Friday, February 26, 2010

Tip of the Week: Why Children Hit, Shove and Bite

I remember picking my three-year-old daughter up from one of her first drop-off experiences and being told by the teacher that my daughter had bitten one of the other children. The teacher said she wasn’t sure who the child was, but that she would let me know after she spoke to the other teacher. Of course I was mortified, but my friend and I laughed as we put our daughter’s coats on and discussed how to handle what was inevitably something that all parents would have to go through. Then the laughter abruptly stopped as the teacher came over to explain to me that my daughter had actually bitten my friend’s daughter... awkward!! After that, lunch was a little uncomfortable to say the least. I couldn’t understand what would have possessed my sweet little girl to do something like that, especially to her friend!

So, why do toddlers bite, hit and shove their peers when it is so socially unacceptable to their parents? According to W. George Scott, Ph.D, Assistant Professor of Child Development at Tufts University, “Just as it is with adults, when kids are irritable it's harder for them to control themselves. To develop into maturity is to learn good ways to deal with one's anger and frustrations. But none of us does that on our own."

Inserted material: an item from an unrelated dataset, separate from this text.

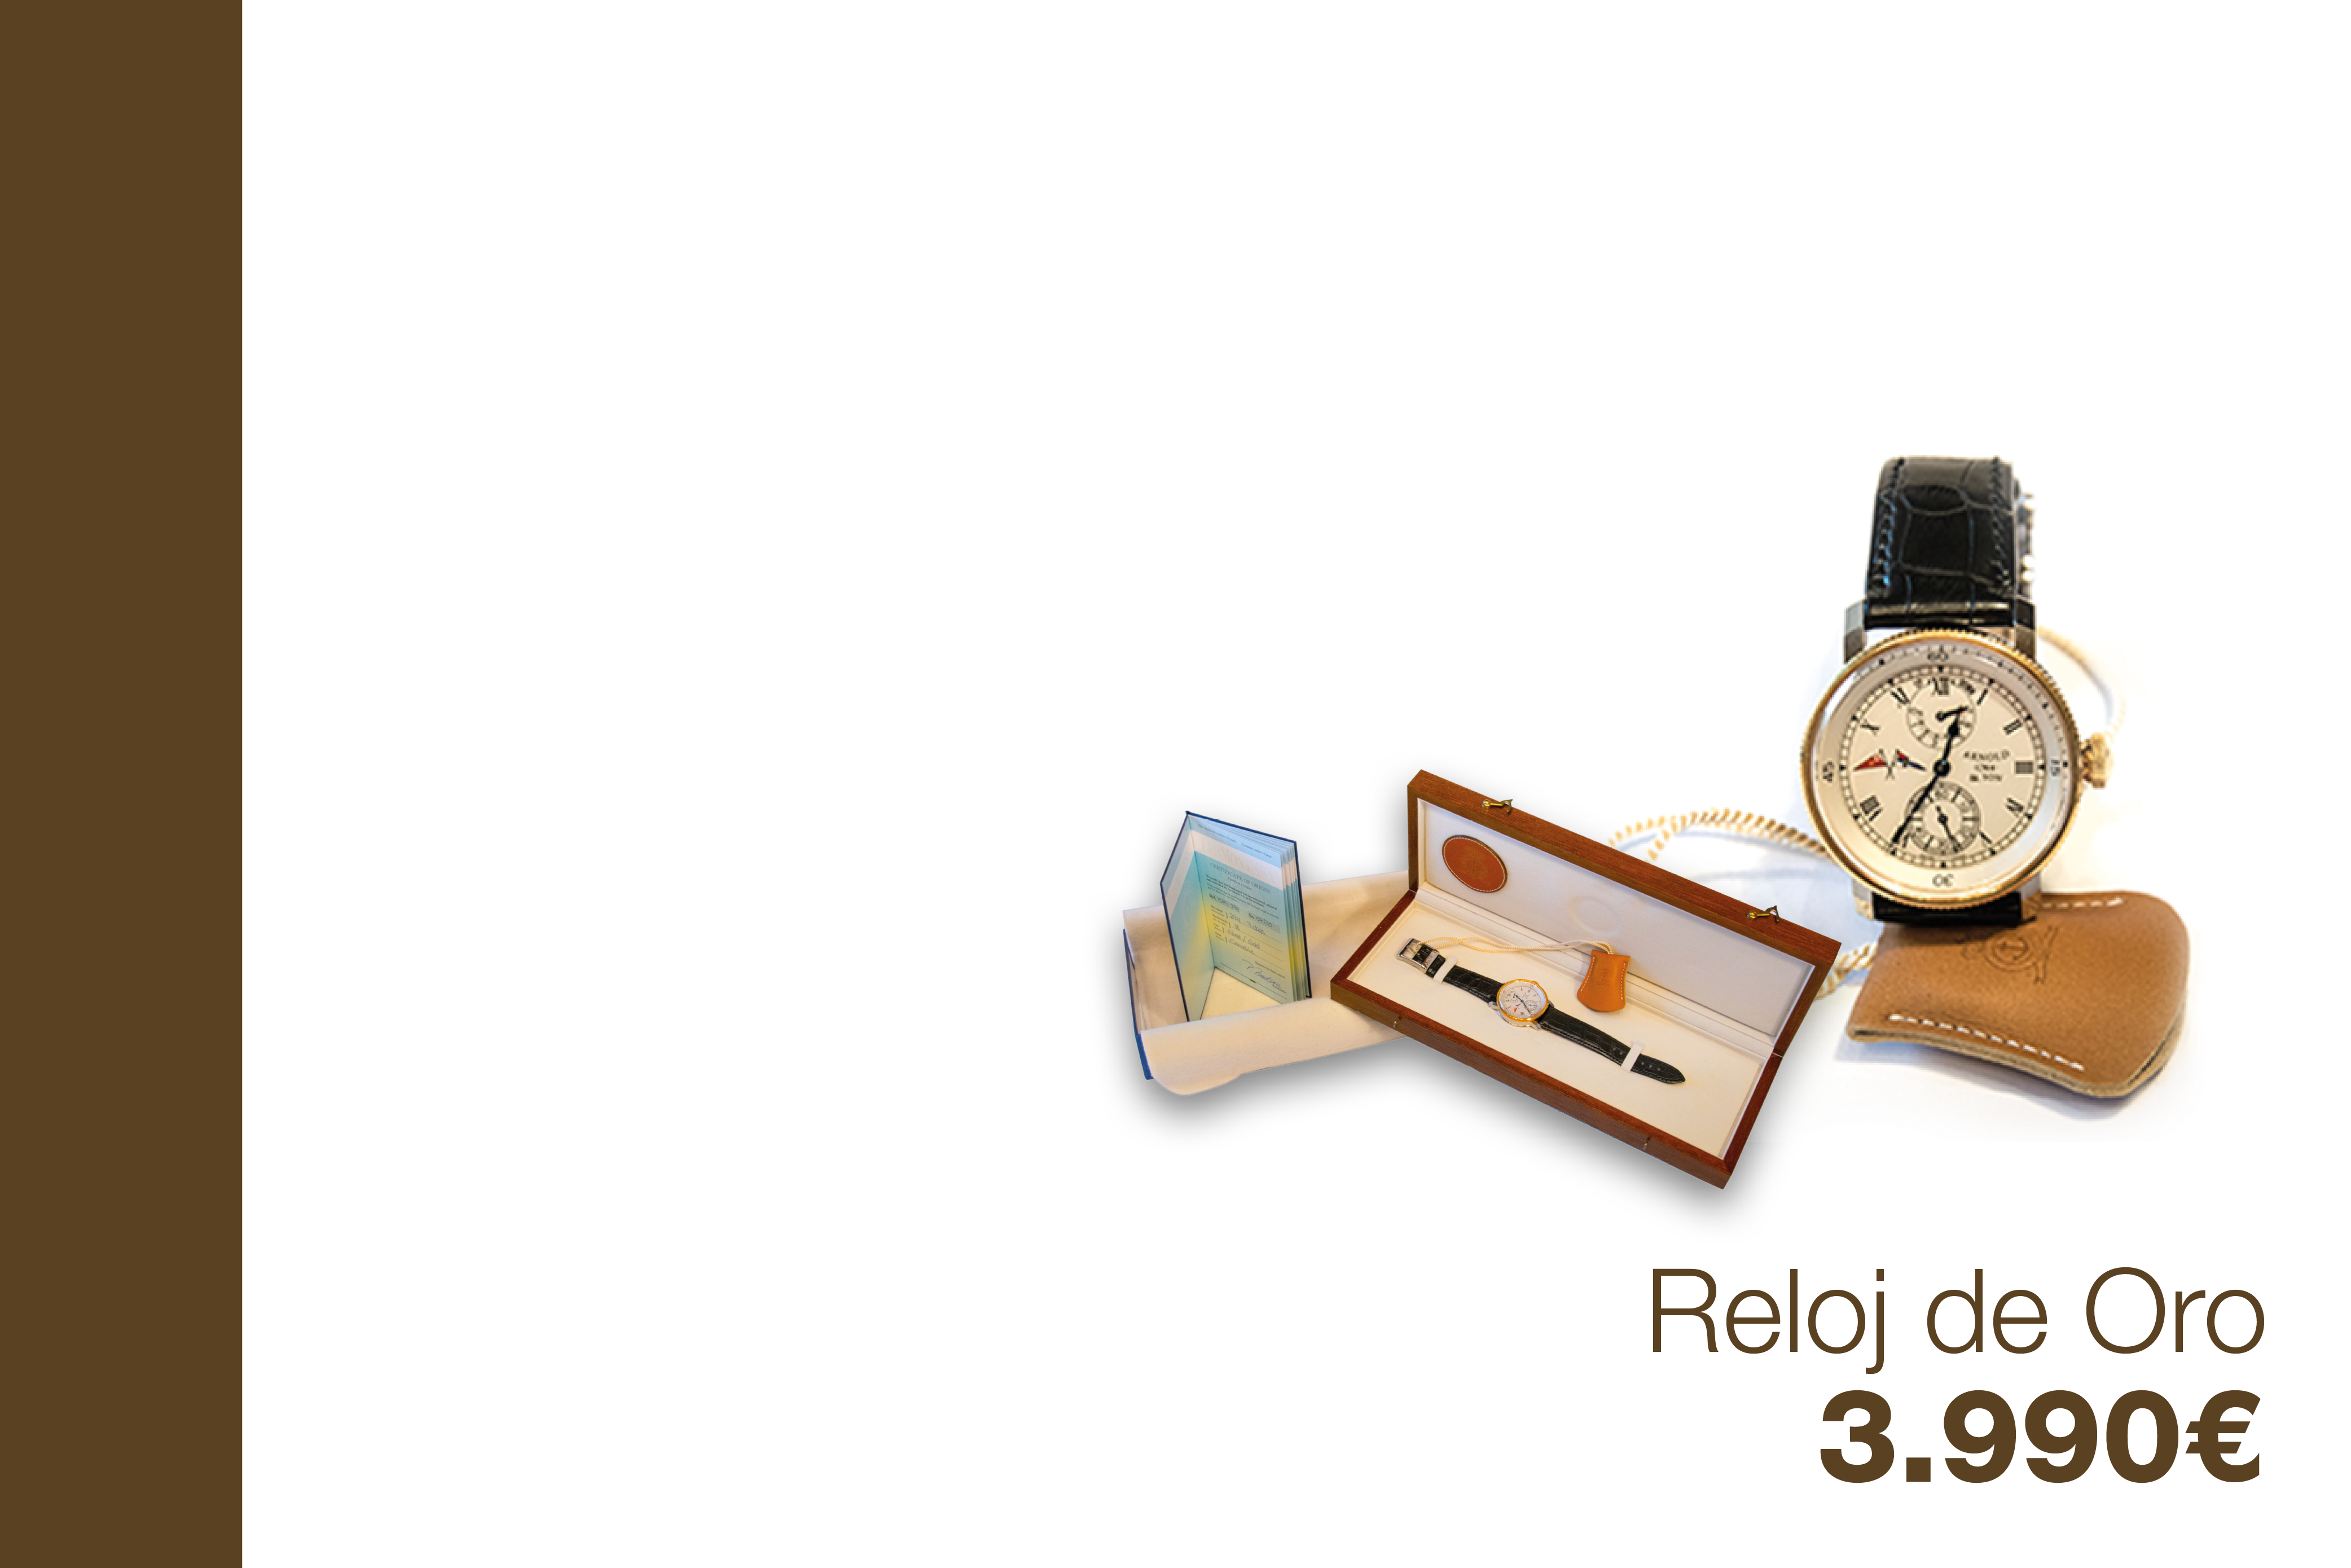 Reloj de Oro - 3990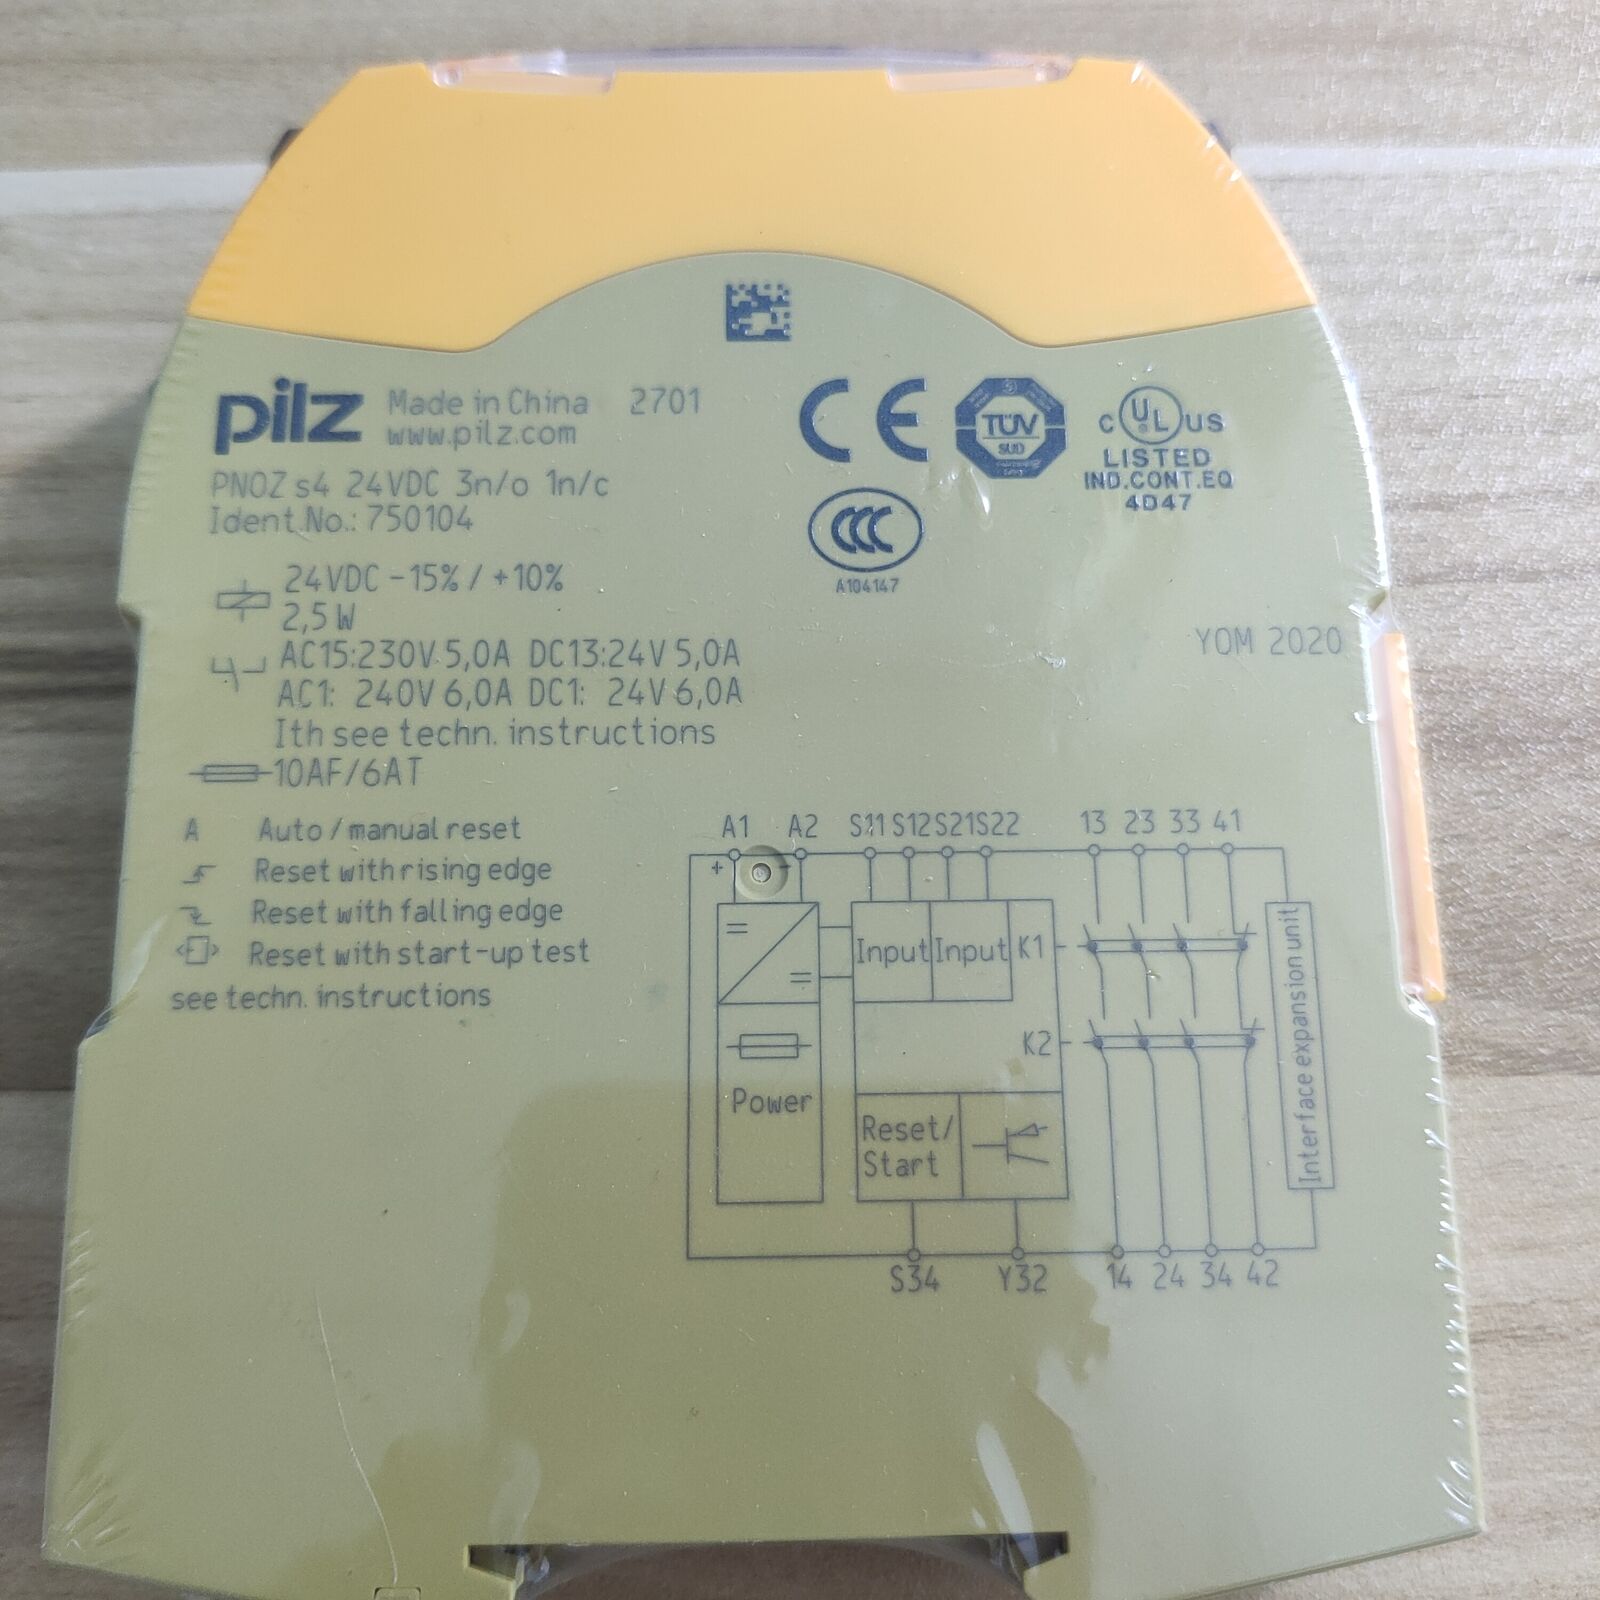 1PC New Pilz 750104 PNOZ s4 Safety Relay 24VDC 3 1

According to Michelle Borba, Educational Consultant, Ed.D, and author of "No More Misbehaving", "Some little critters just don't have that inner regulatory system yet," she says. "They will continue to hit if you don't stop it. We forget that aggression can very easily become a habit, just like whining and talking back."

I have had time now both as a mother and teacher to think about this, and while I believe all of this to be true, I think a good deal of this comes from the child’s lack of ability to communicate their frustration or fears. Also, with young children, they are constantly testing boundaries to see what will happen if they do something, and unfortunately for parents that includes unacceptable behavior.

Since “the biting incident”, as it is fondly referred to at our house, I’ve learned the following things about behavior both as a parent and as a teacher of toddlers.

1) Even if it is an isolated incident, address the behavior immediately.
2) Get down on the child’s level and explain to them calmly yet with intent that this behavior is unacceptable.
3) Ask them if they understand what they did wrong, and to apologize to their friend.
4) Do not address aggression with aggression. You should be a good role model for you child.
5) Ask your child what they should do next time, instead of hitting or biting their friend, when they become upset about something.

Most importantly, do not brush off bad behavior. As difficult as it can be as a parent, every time you disregard bad behavior or “pick your battles” you are telling your child that the bad behavior was acceptable, and they will continue to do it.